Ms. Vinella of the state education department added that she expects to review a wider variety of interactive electronic media next year, when the state is scheduled to adopt its science teaching materials.
Among 4,000 separate items adopted by the board last month were several CD-ROM-based products, a software-based electronic globe, an on-line data-base service, and a line of hand-held electronic-spelling devices.
Products on the list may be bought with state textbook funds, which often are used to enable districts to buy items they could not otherwise afford.
While the state education department has long approved software products for purchase, the recent adoption represents a diversification into other electronic media, said Mary Jane Vinella, the director of instructional materials for the department.
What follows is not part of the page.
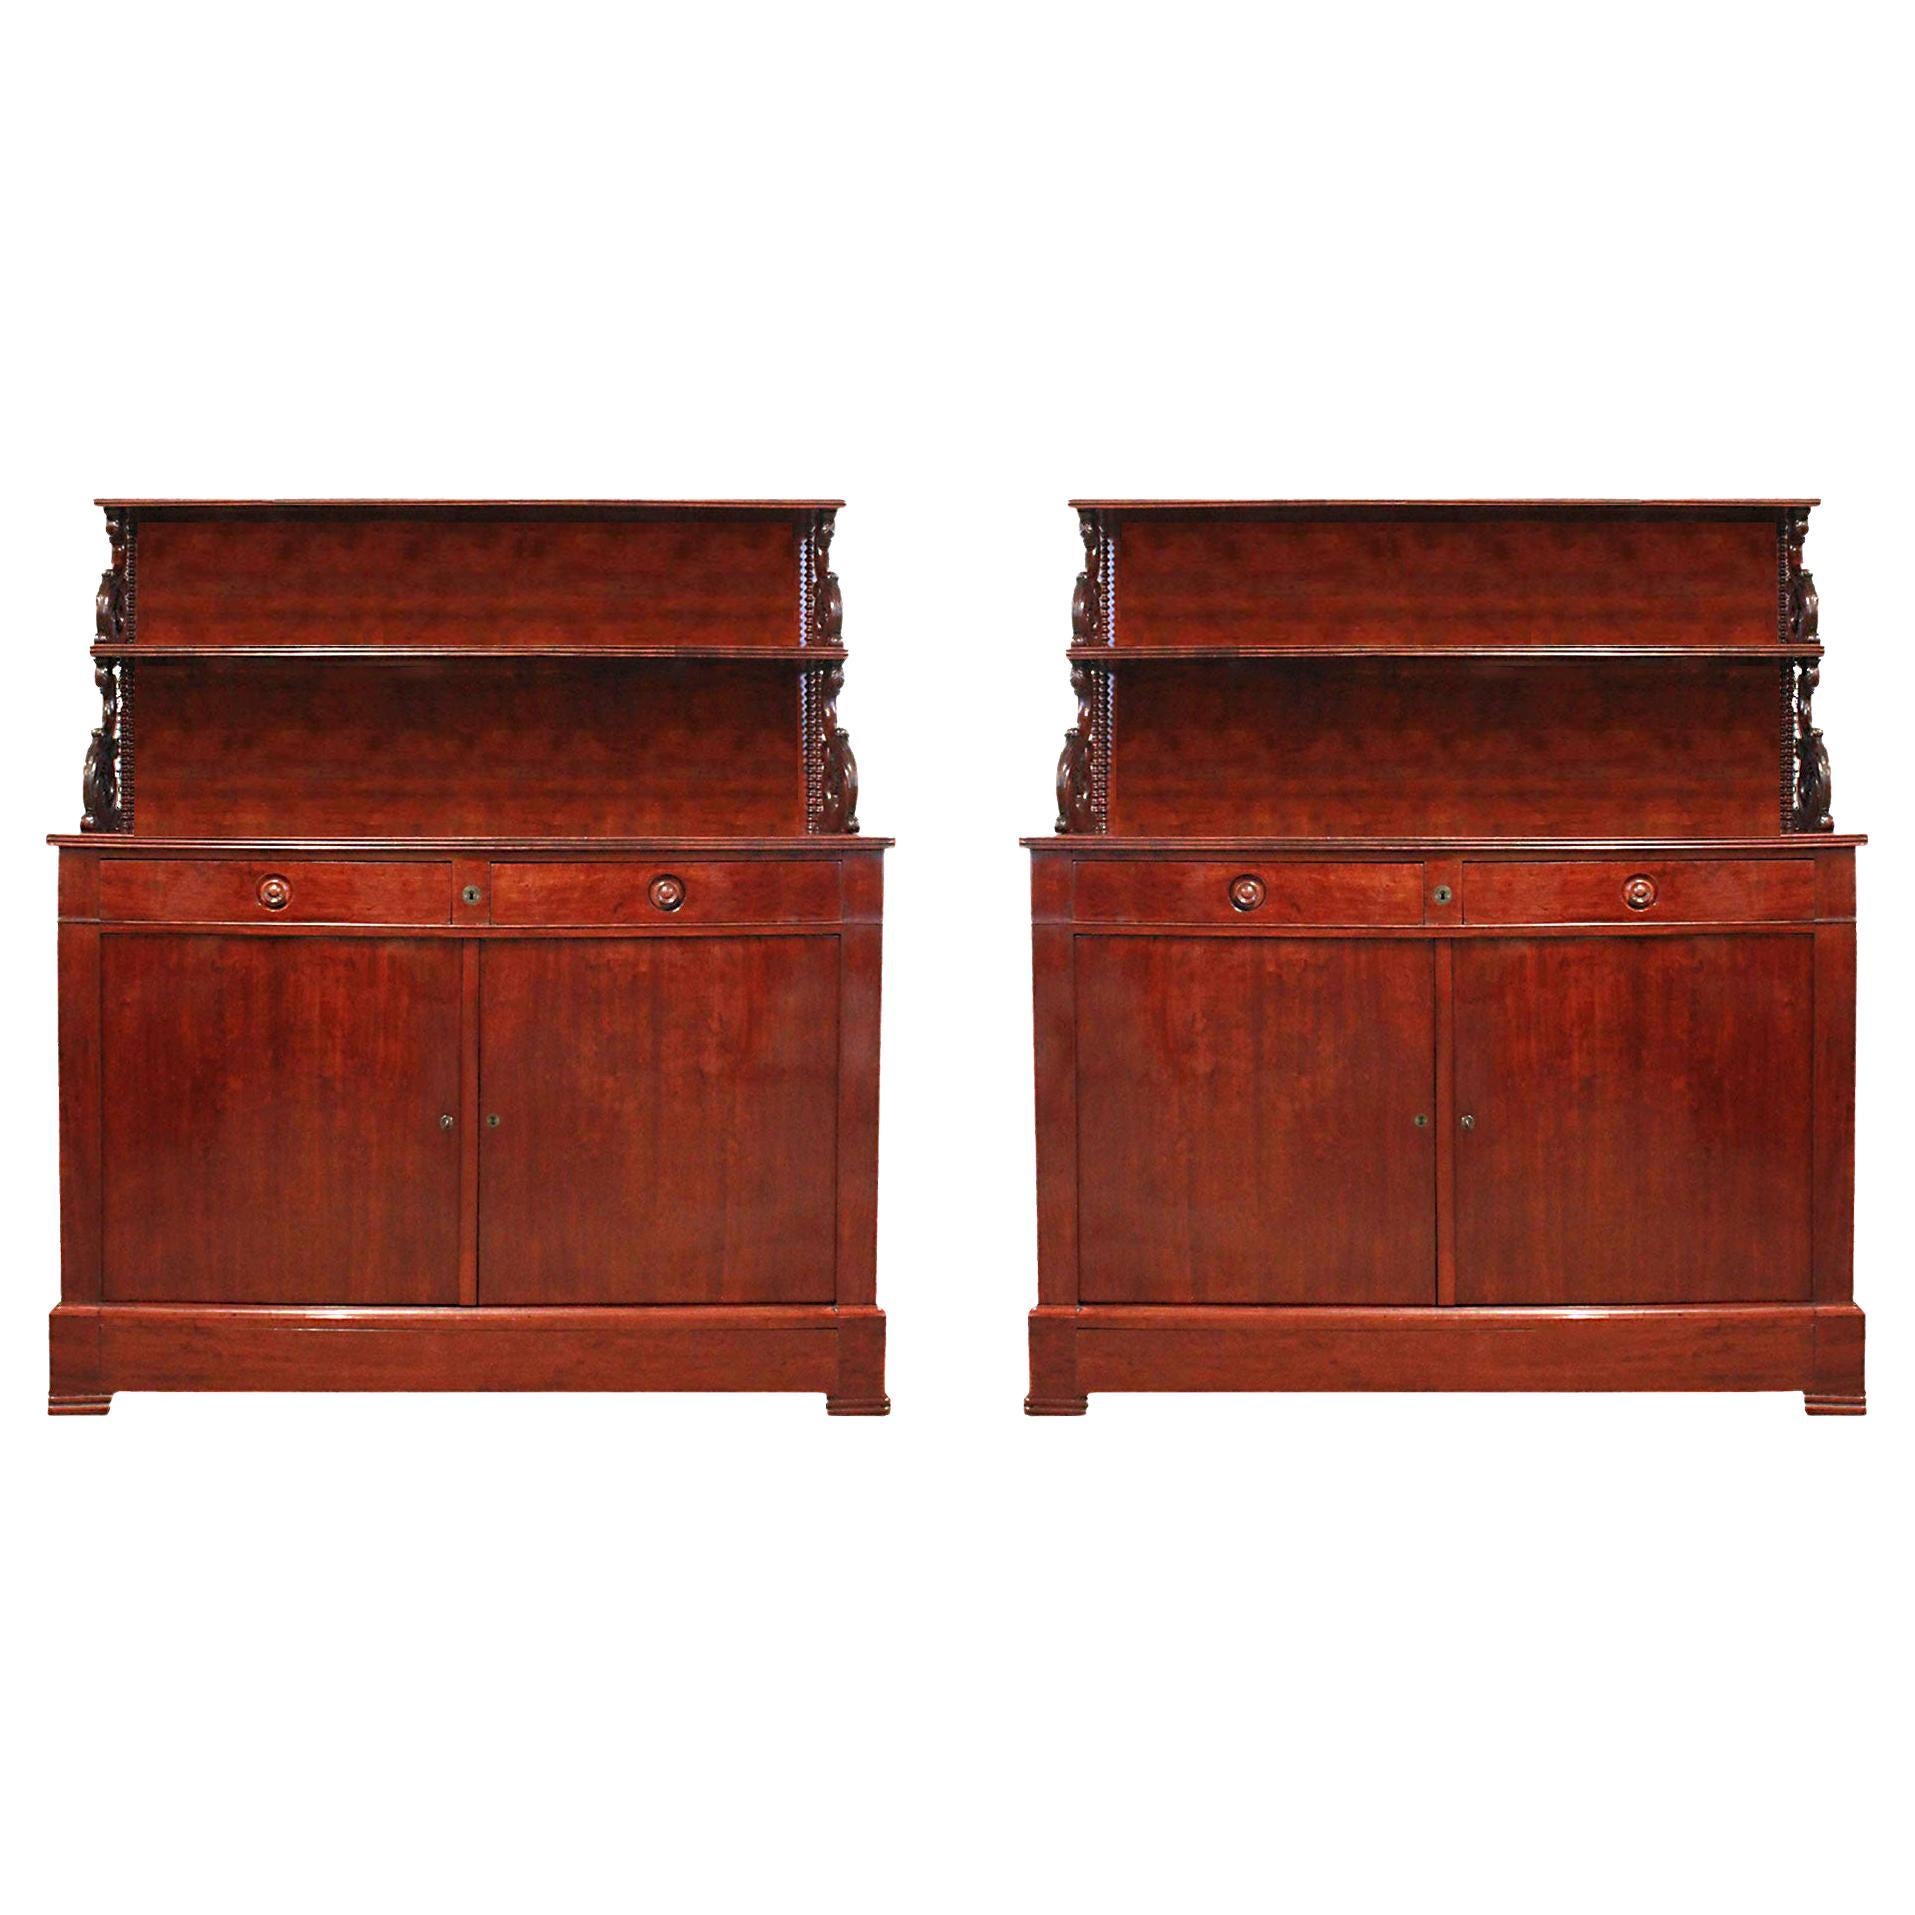 Pair of Early 19th Century Louis Philippe Period Mahogany Buffets, circa 1830

Although the inclusion of electronic materials along with conventional reference works and print-based materials is uncommon, it represents part of a developing trend in the publishing industry, according to Donald A. Eklund, the head of the school division of the New York-based Association of American Publishers.
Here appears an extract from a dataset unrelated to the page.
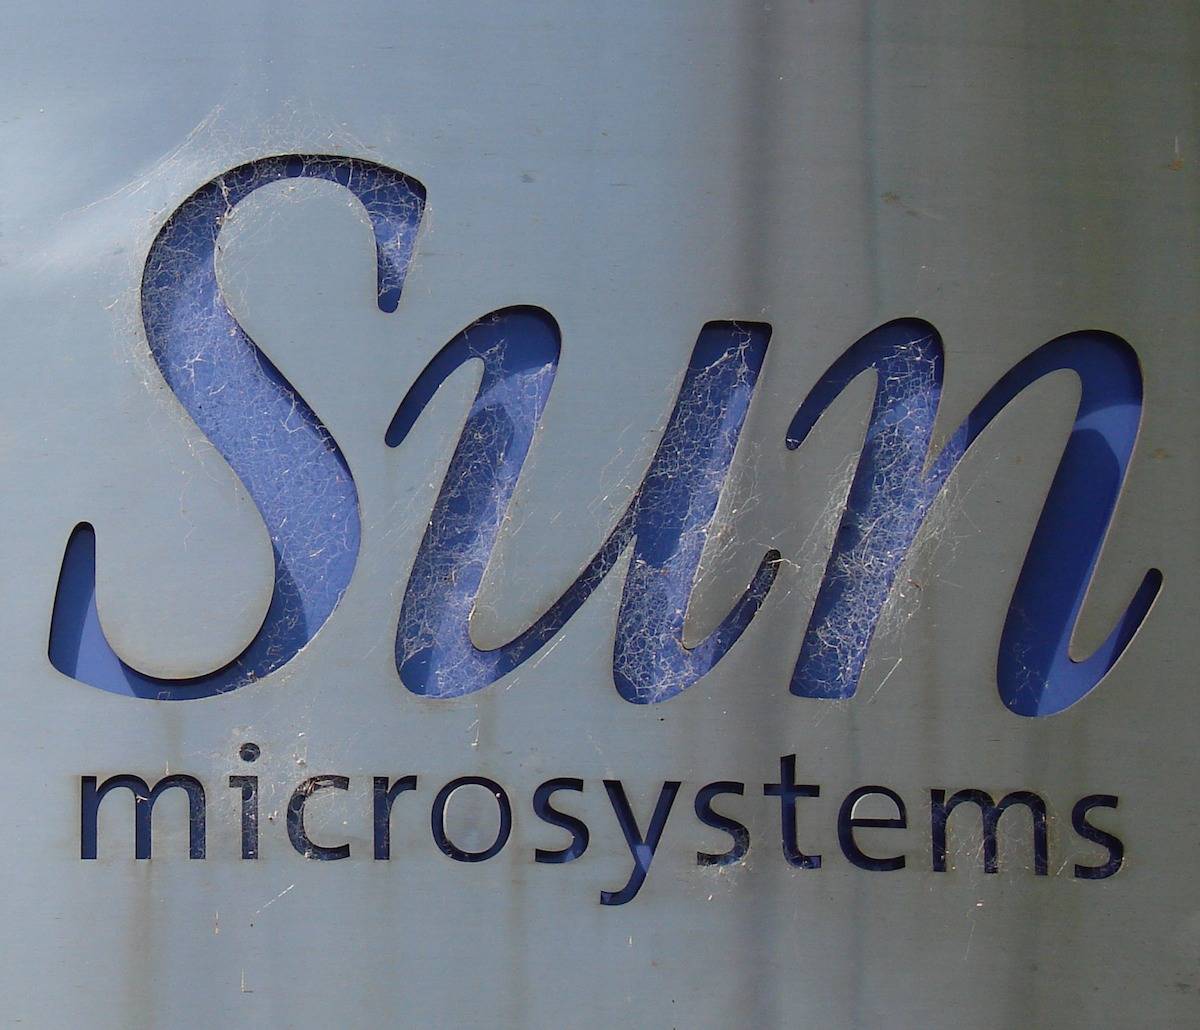 Sun Microsystems was a major Silicon Valley player back in the day.

“There’s no question that’s the direction many of these states are planning to go,’' he added.
Mr. Eklund noted that electronic materials are expected to figure prominently in upcoming adoptions in California and Florida.
Growing School Market
While schools are not expected to forsake textbooks in any substantial way in the near future, Mr. Eklund added, electronic publishers are beginning to become more aware of the school market, and conventional publishers are discovering the advantages of enlarging their product lines.
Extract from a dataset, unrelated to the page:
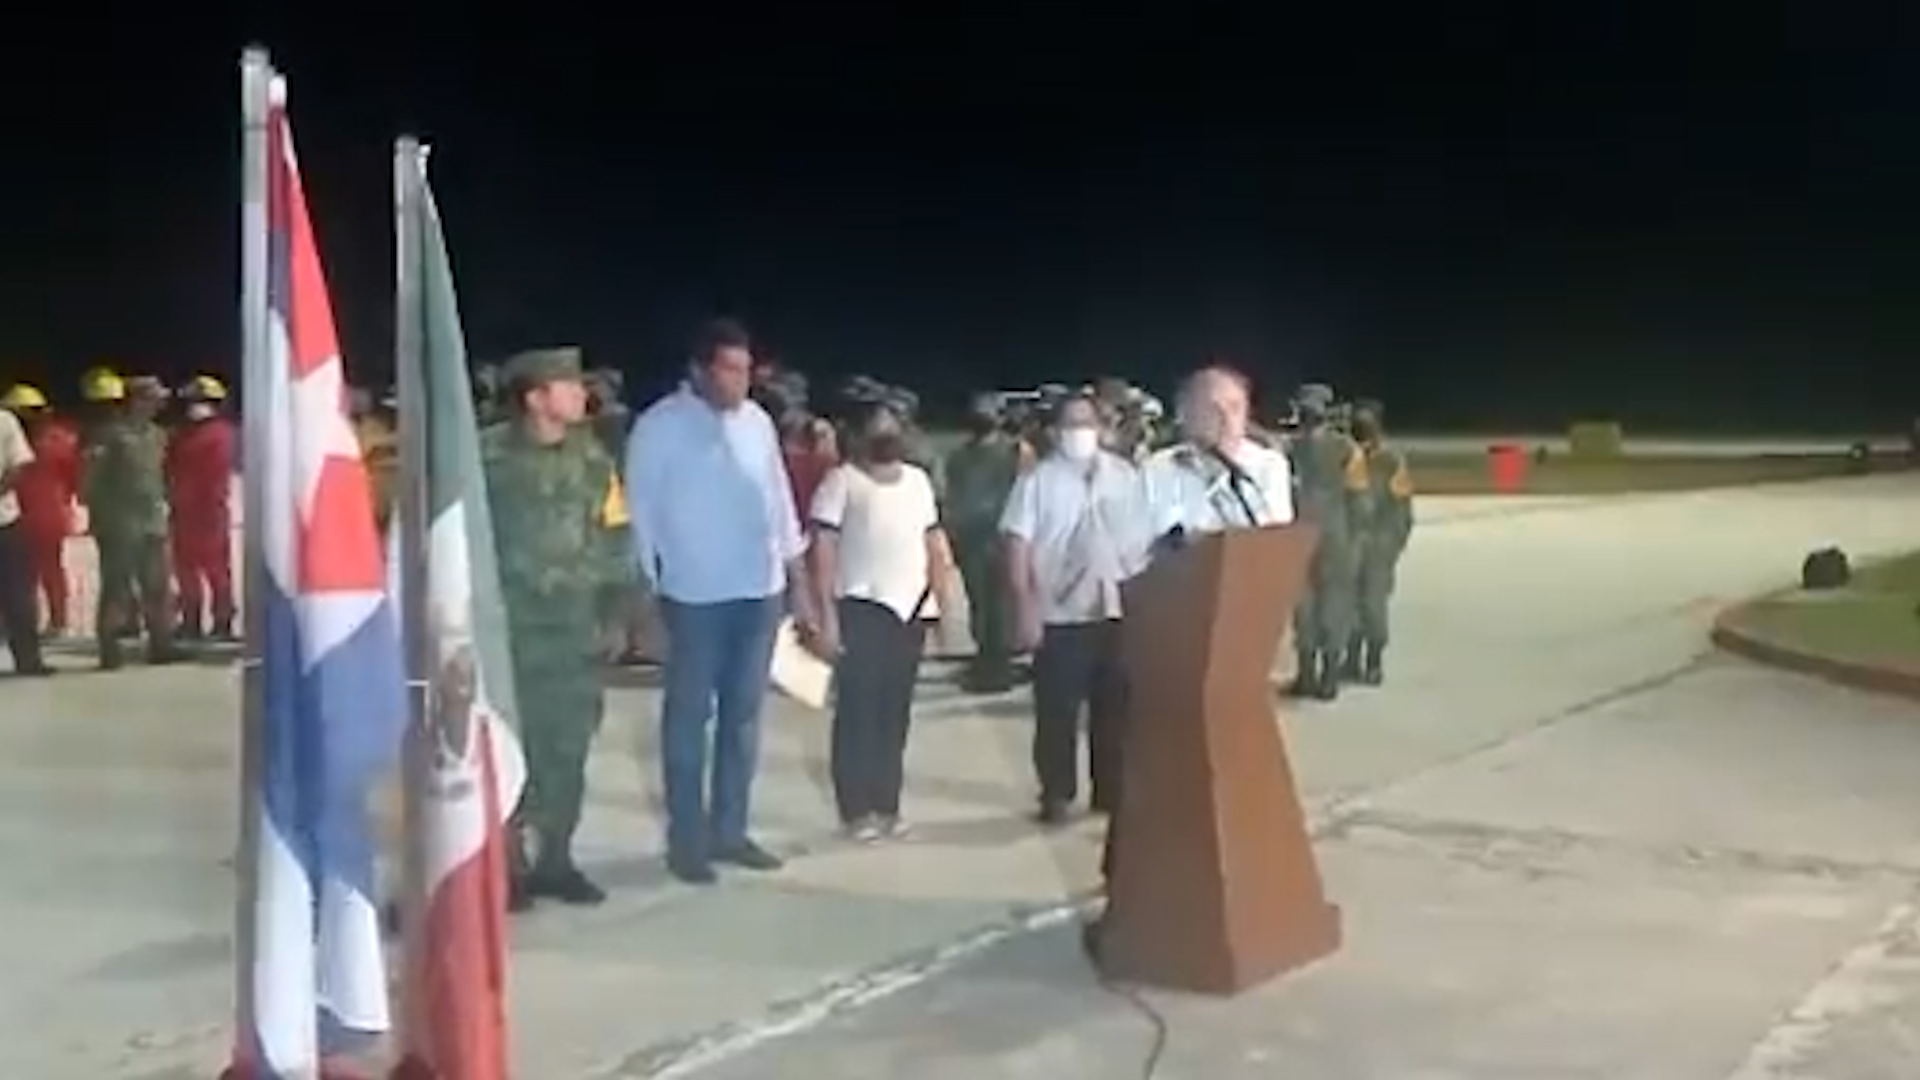 Aid from Mexico arrives in Cuba after fire in Matanzas (Screenshot)

“The key question is how they’re going to be used,’' he observed.
One milestone in the trend toward adoption of electronic materials came in 1990, when Texas adopted a videodisk product along with two textbooks for use in elementary science classes. (See Education Week, Nov. 28, 1990.)
Mr. Eklund noted, however, that adoption by states does not necessarily mean that districts will buy the new products.
“You can get on the list and not sell anything,’' he said.
But Mr. Eklund also pointed out that the New Mexico decision could be significant, because the state has one of the nation’s most generous instructional-materials budgets. The legislature this year approved a $20-million budget for instructional materials, which translates into a per-pupil allocation of roughly $60.
Ms. Vinella of the state education department added that she expects to review a wider variety of interactive electronic media next year, when the state is scheduled to adopt its science teaching materials.